Hasta mañana en la noche no habrá otro tema que no sea la pelea Trump-Harris, Harris-Trump. La tentación de anunciarla como si se tratase del combate del siglo en el Caesar Palace de Las Vegas, más que de una elección presidencial crucial para los Estados Unidos y, por qué no, para el futuro inmediato de la humanidad.
Basta con evaluar lo que fue la campaña, el tenor de los debates, las idas y vueltas que dio el Partido Demócrata para cambiar de monta a mitad de la carrera, separando de cartel al presidente, Joe Biden, y del estatus criminal del exmandatario, Donald Trump, para encuadrarla en el contexto de un combate. La política, a esta altura, ya se sabe. Ausente con aviso.
Con un Trump yendo de los tribunales a los actos de campaña y con una Kamala Harris, que había arrancado su papel protagónico con el ímpetu de todo lo nuevo, los bríos de la juventud y haciendo hincapié en temas como la defensa de los derechos de las mujeres, el aborto y la tendencia “neofascista” de su oponente. Esos fueron los tres ejes en que se fue apoyando la campaña demócrata desde el debate del pasado 10 de septiembre, del que la vicepresidenta salió vencedora, según la mayoría de encuestas.
Pero en las últimas tres semanas, todo demostraría (algunas encuestas inclusive) que el candidato republicano acertó más de lo que erró, en términos proselitistas.
Sin propuestas de fondo para solucionar los grandes problemas del país, republicanos y demócratas apelaron a la migración y los golpes bajos. Como cuando en un mitin de Trump, el cómico Tony Hinchckiffe se refirió a Puerto Rico como “la isla basura” o el propio Biden, no puede escudarse en sus blancos seniles cuando respondió que la “única basura que veo flotando son sus seguidores”. Todo de muy bajo vuelo para una elección cuya importancia geopolítica es crucial.
Todo parece indicar que el resultado será muy ajustado. Ya sea para un bando como para el otro. Los demócratas llegan con más estructura a la apertura de las urnas. Trump lo hace convirtiéndose en un caso sui generis en la historia estadounidense. Pudo evadir todas las responsabilidades y condenas que le propinó la justicia en los últimos años, algo que ni Richard Nixon había logrado cuando debió renunciar a su candidatura para que el caso Watergate no terminara pulverizando sus aspiraciones reeleccionistas.

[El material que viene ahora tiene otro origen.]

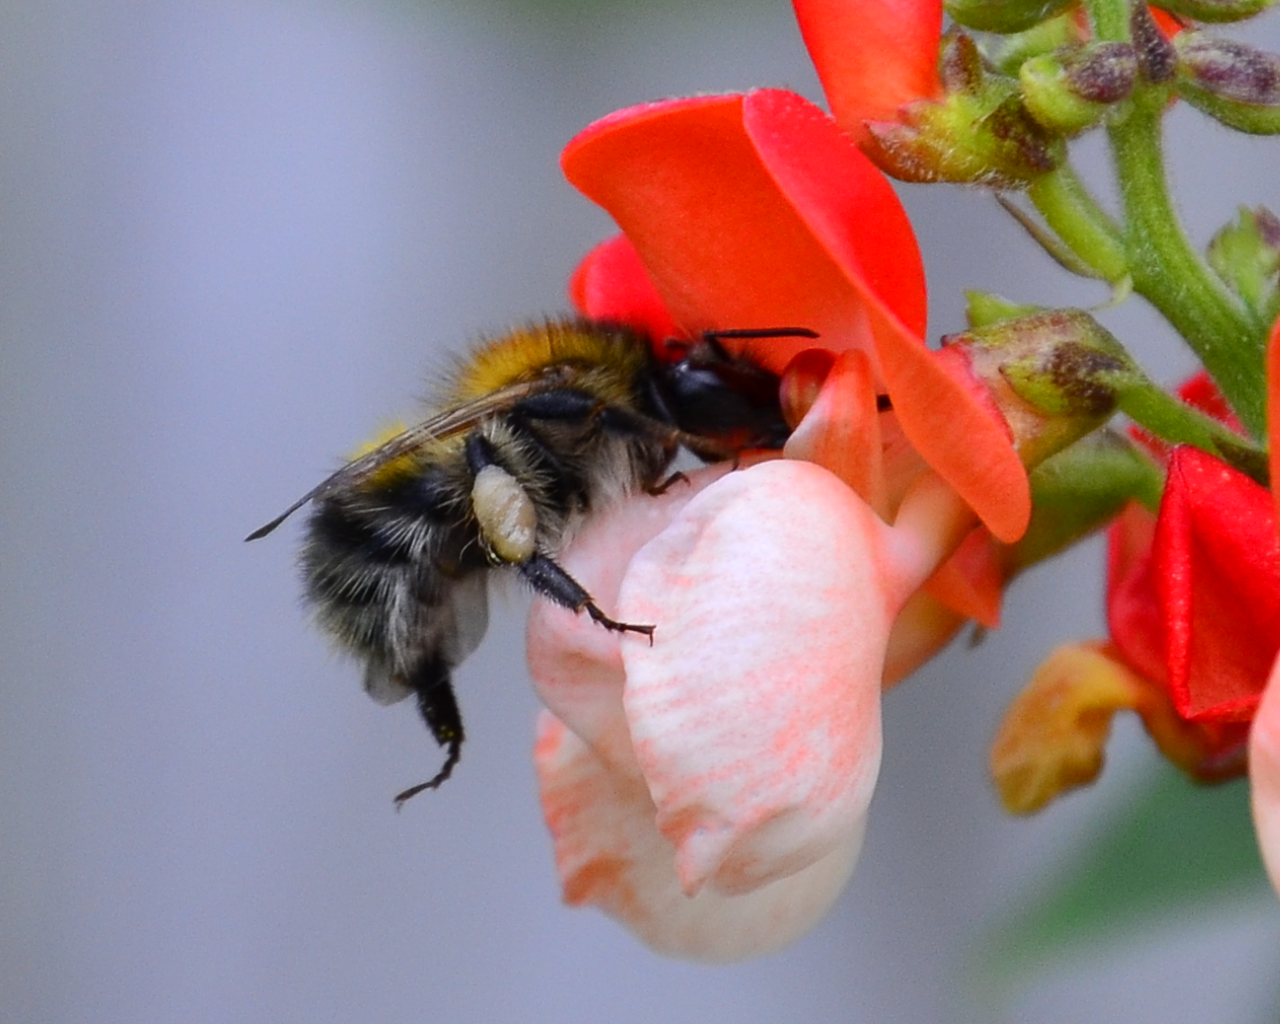 Bee on a runner bean flower

Hasta aquí el veredicto final lo tienen los electores estadounidenses. El resto del mundo lo mirará por TV, en el mejor de los casos lo seguirá por las redes, a sabiendas de que ni un proteccionista con Trump no moverá un dedo por tratar de torcer la masacre israelí sobre la población civil palestina, ni Harris y el conglomerado industrial-militar que la apoya sin dobleces evitará la escalada de cuanto conflicto armado se encuentra abierto en el mundo.
En tanto, nosotros, sudamericanos al fin, seguiremos en “el patio trasero”. Haciendo frente a desafíos cada vez más grandes y difíciles. Todo teñido por el color escarlata del narcotráfico, en virtud de la demanda cada vez más exigente de los países del norte. Sin herramientas para poder cambiar o, al menos, disminuir el vértigo de la historia; condenados a recibir en enero a un nuevo gobierno allí, en Washington, en lo que queda del Imperio hegemónico, y esperando a la noche del martes, para conocer cuál será el apellido que deberá rubricar la nueva era global.
Y, como lo afirman no pocos analistas de distintos idiomas, el descenso de Occidente hasta una nueva realidad. Todo en un contexto en el que la concentración de la riqueza cada vez en menos manos (o grupos) sea la constante y con la posibilidad de que ese deslizamiento nos conduzca a infiernos desconocidos e inimaginables. Y, como lo presumimos, tan temidos.